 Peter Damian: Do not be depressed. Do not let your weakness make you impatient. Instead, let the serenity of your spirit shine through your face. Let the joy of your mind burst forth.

┄┄┄┄┄┄┄┄┄┄

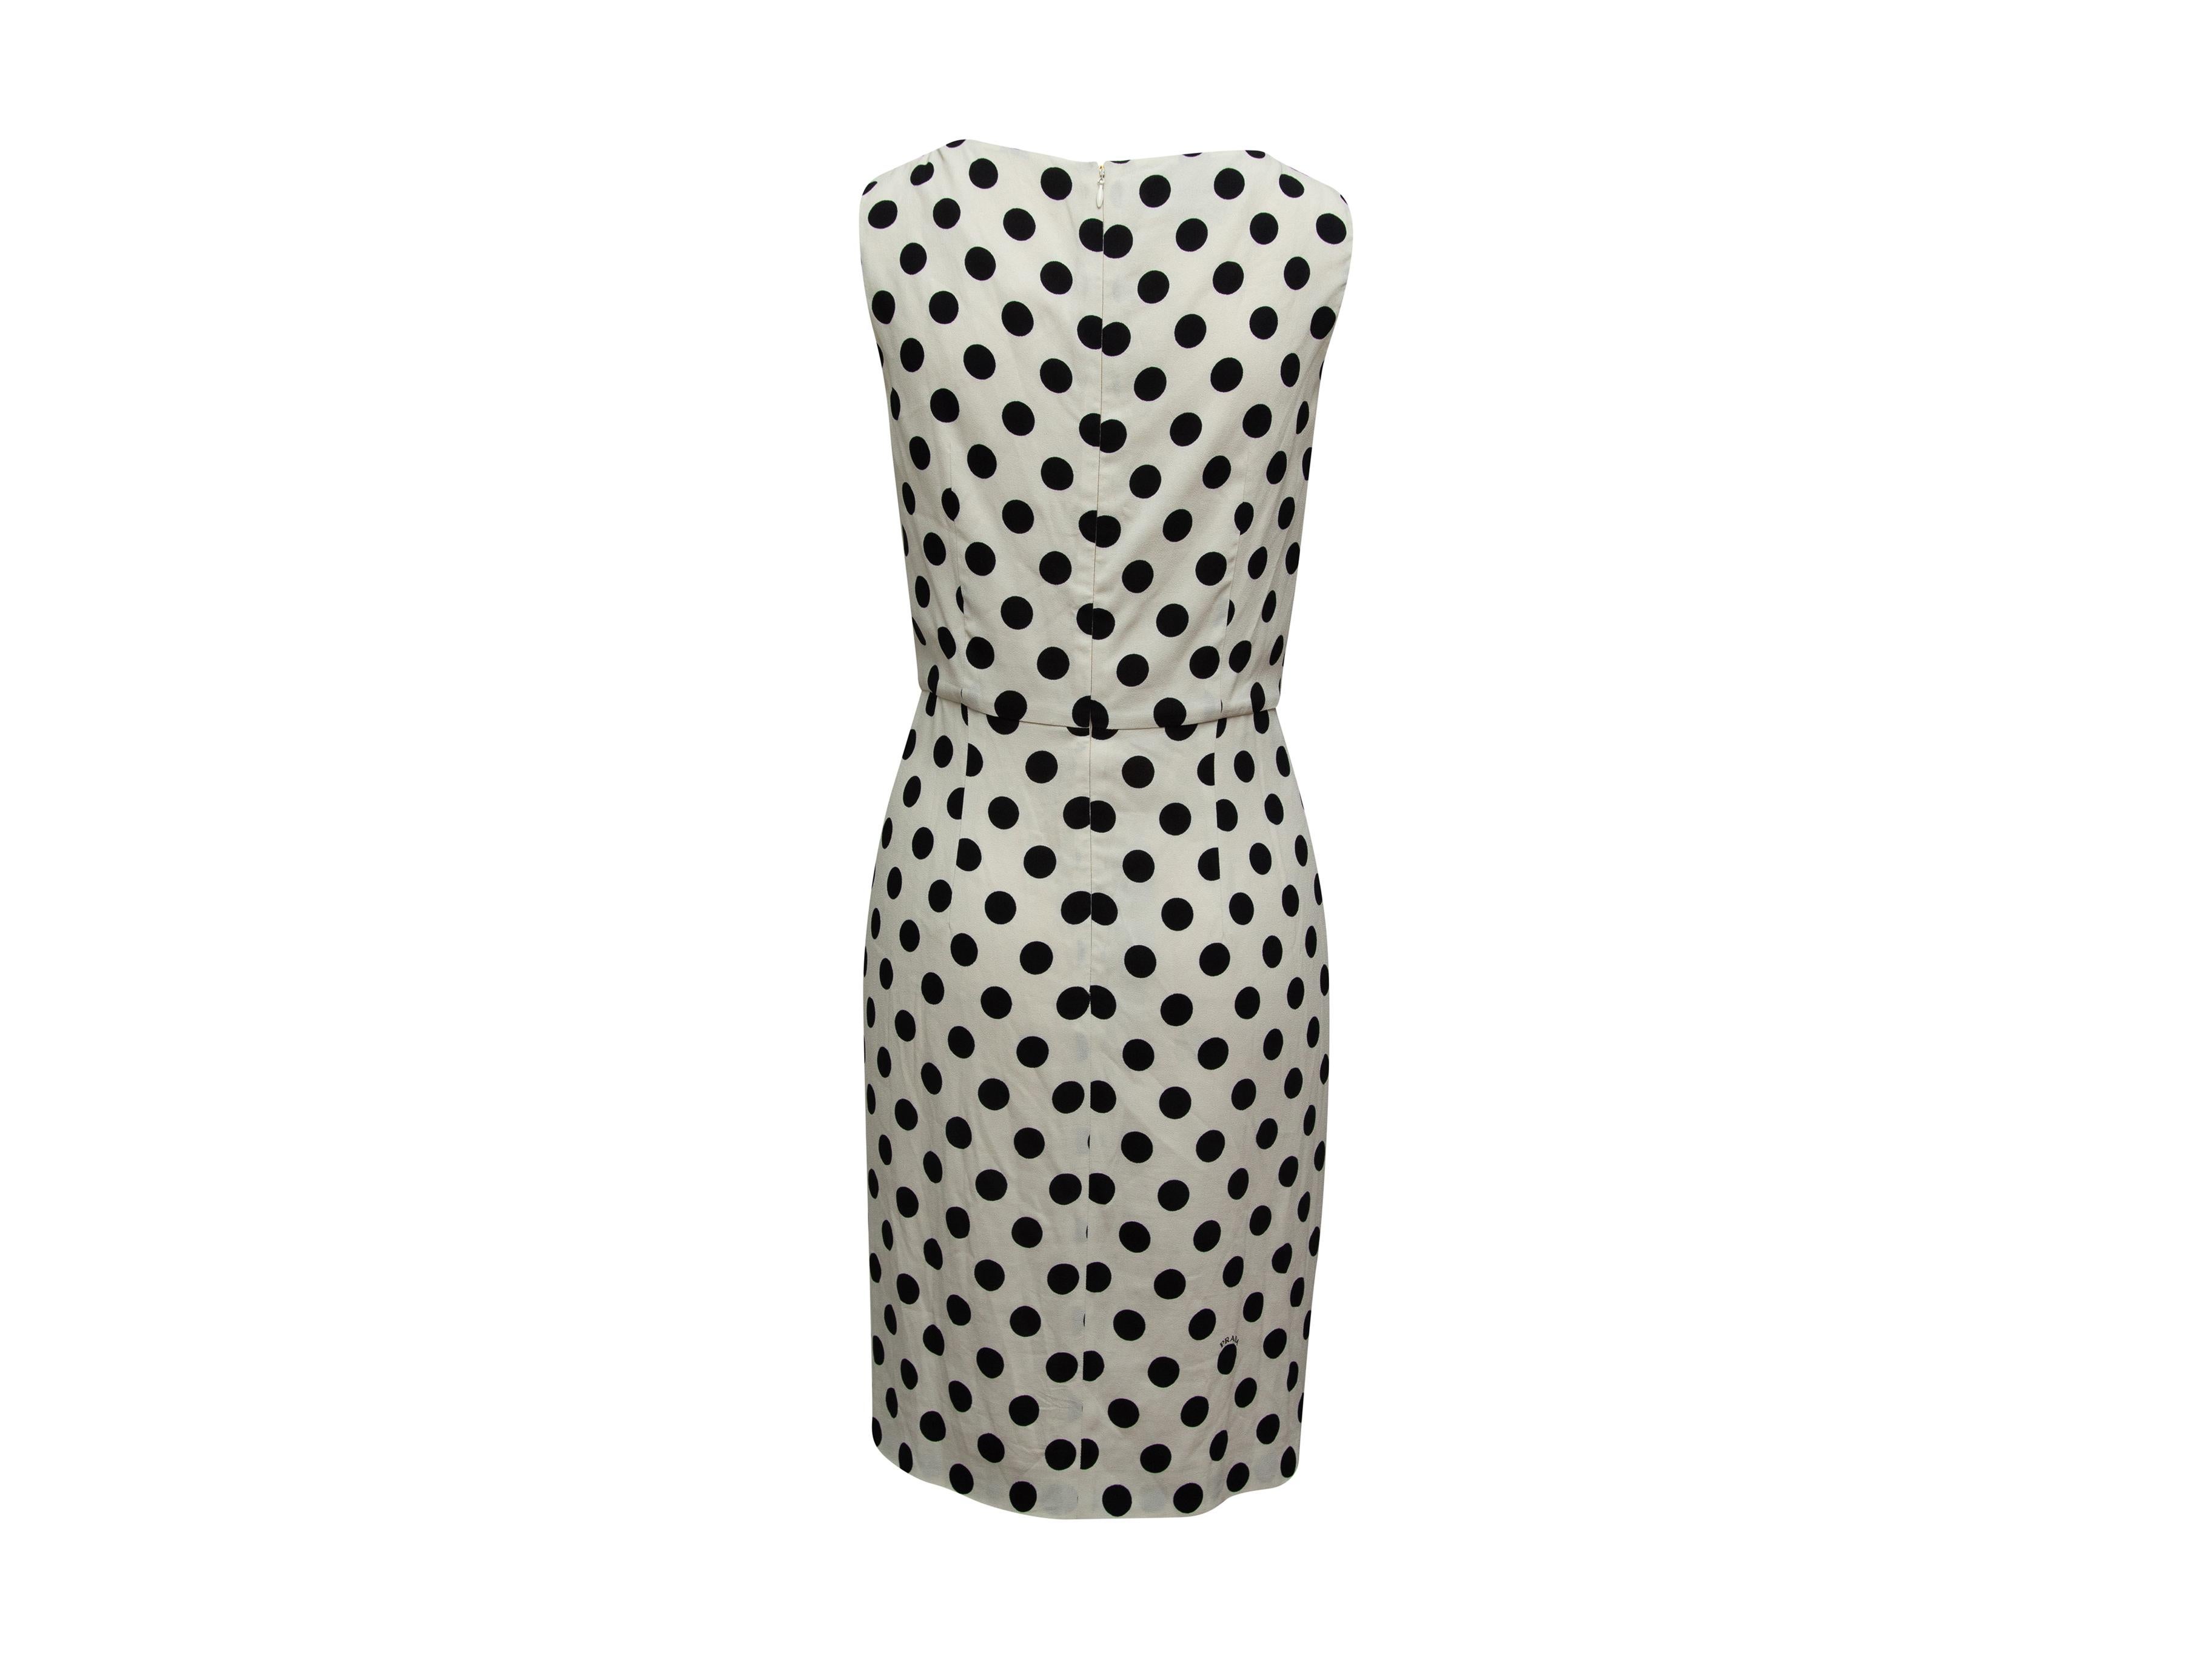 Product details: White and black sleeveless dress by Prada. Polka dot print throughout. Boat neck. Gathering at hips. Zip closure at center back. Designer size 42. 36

┄┄┄┄┄┄┄┄┄┄

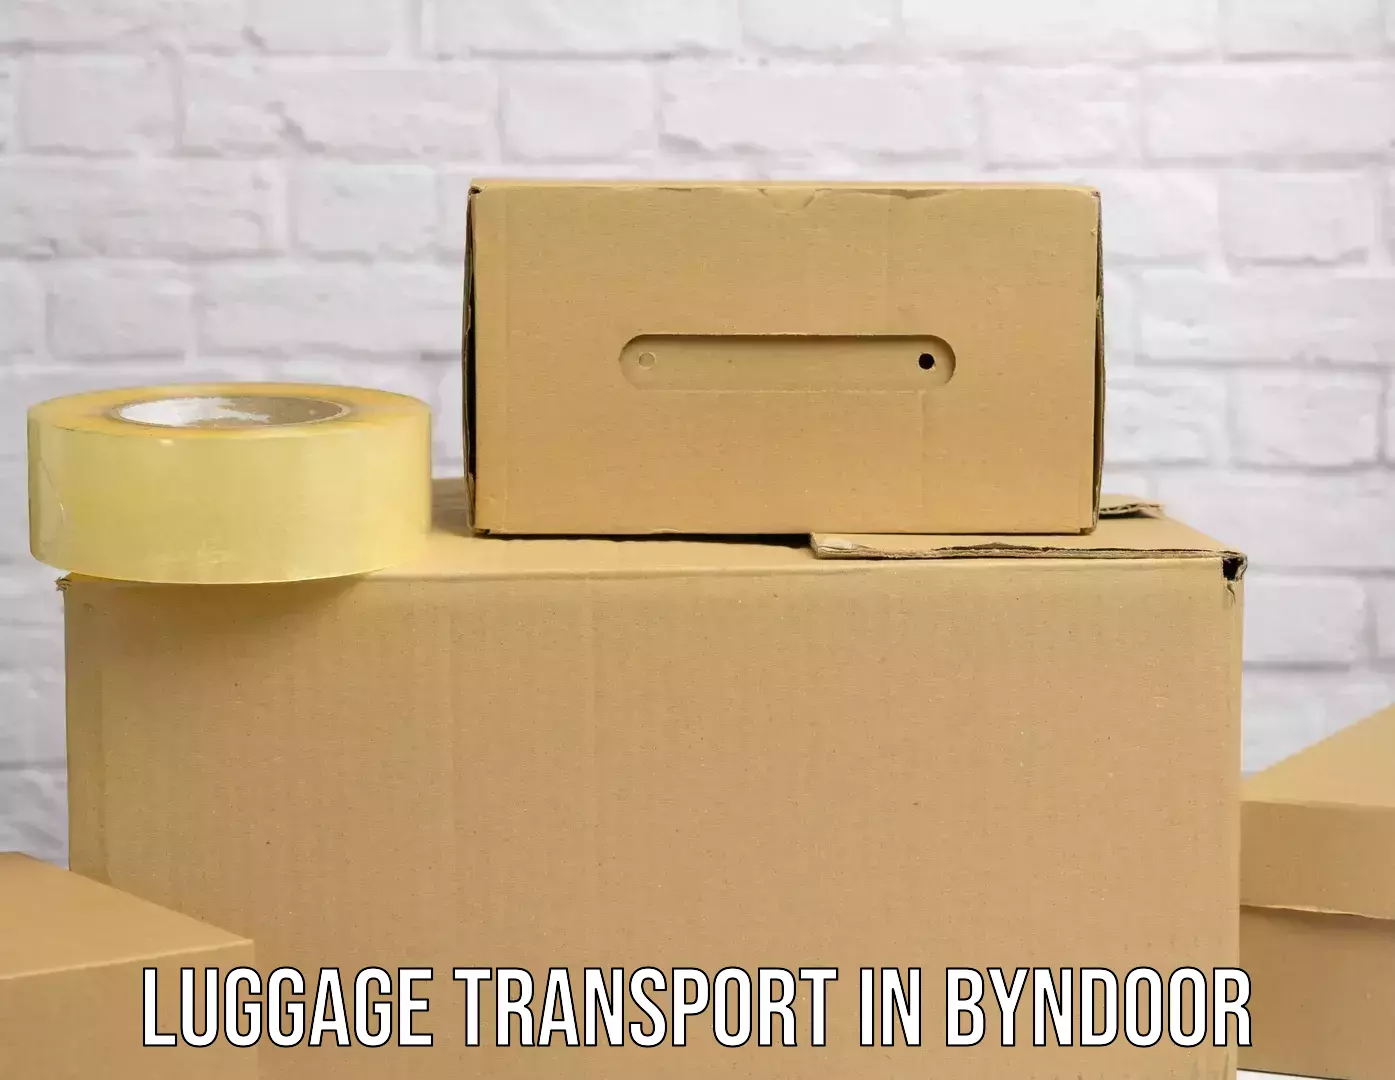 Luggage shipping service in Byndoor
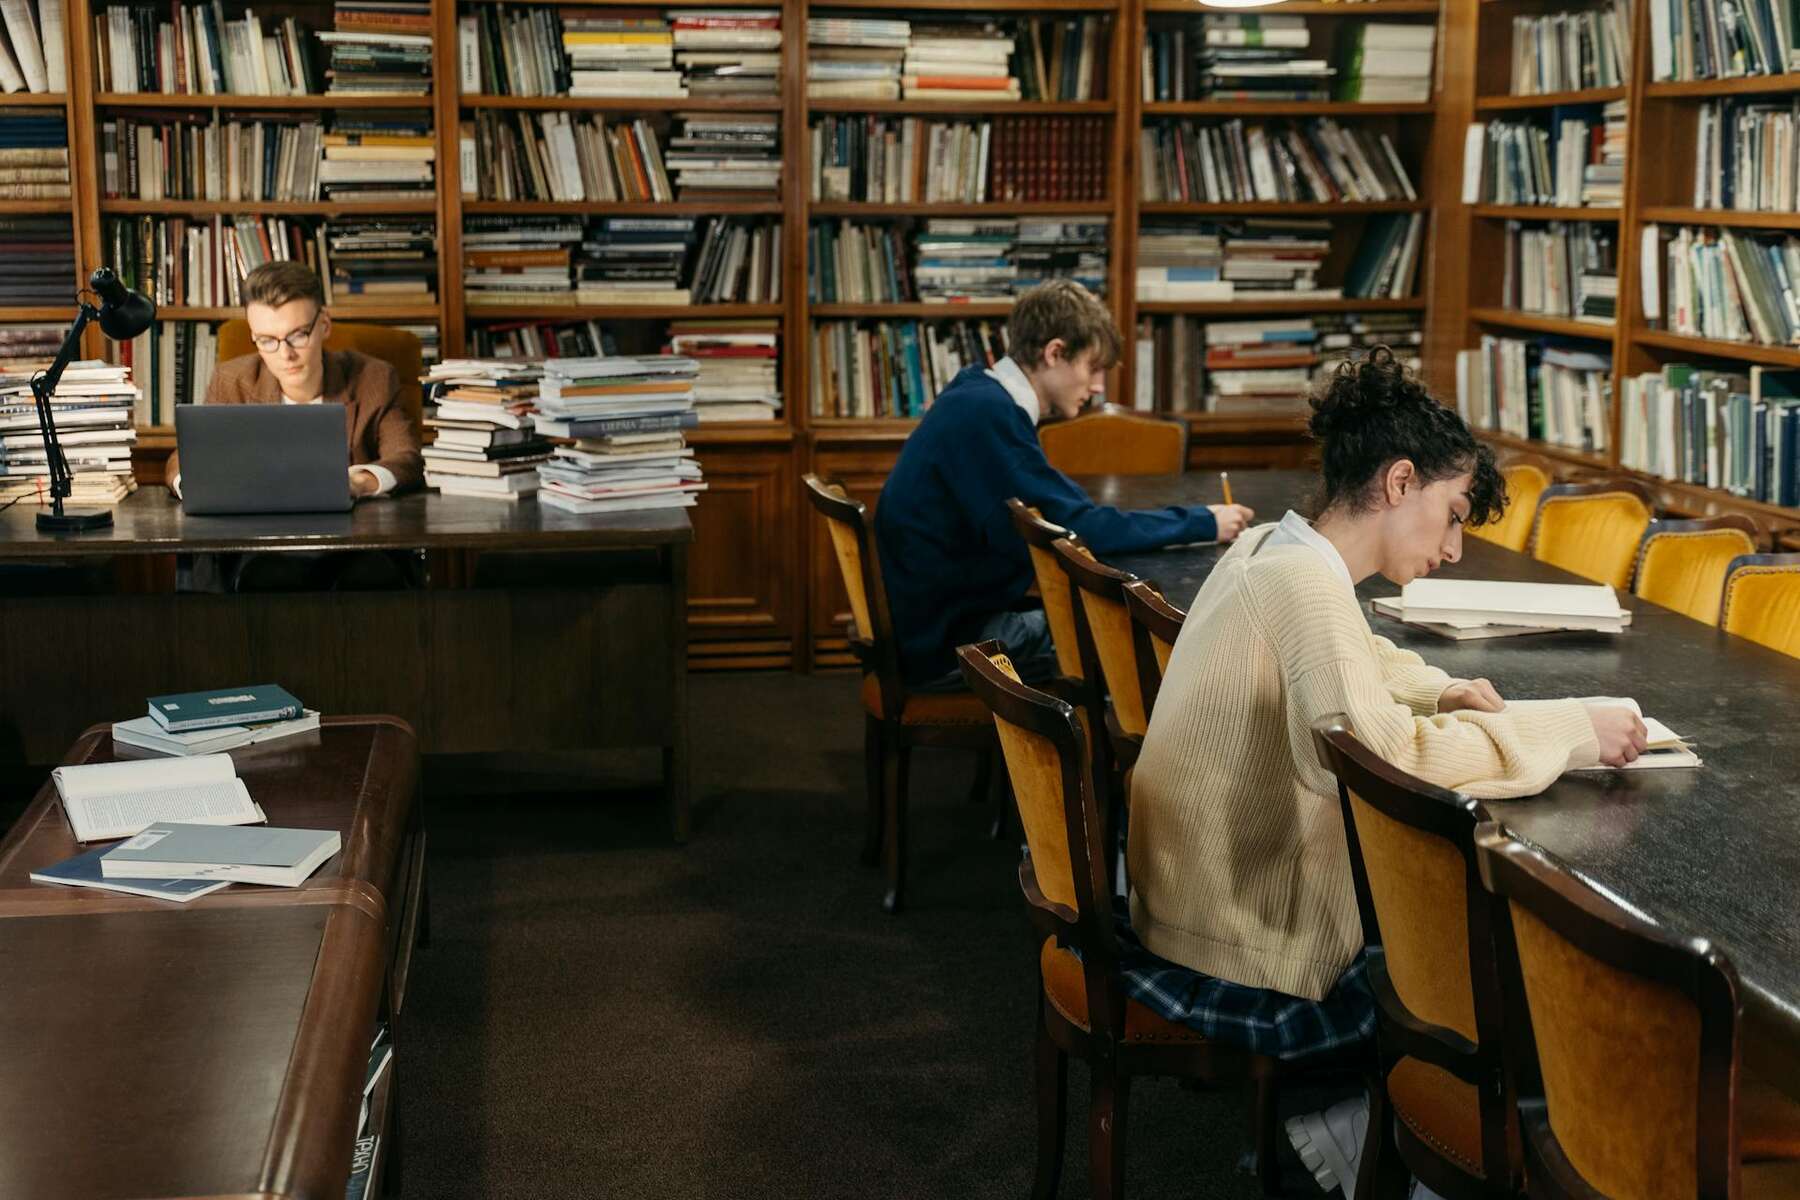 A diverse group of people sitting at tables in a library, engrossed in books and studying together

┄┄┄┄┄┄┄┄┄┄

Start at the line above containing "Luggage shipping service in Byndoor" and stop at the line containing "A diverse group": print those lines and everything between them exactly, but not the pictures.

__Answer area__
 Luggage shipping service in Byndoor
 A diverse group of people sitting at tables in a library, engrossed in books and studying together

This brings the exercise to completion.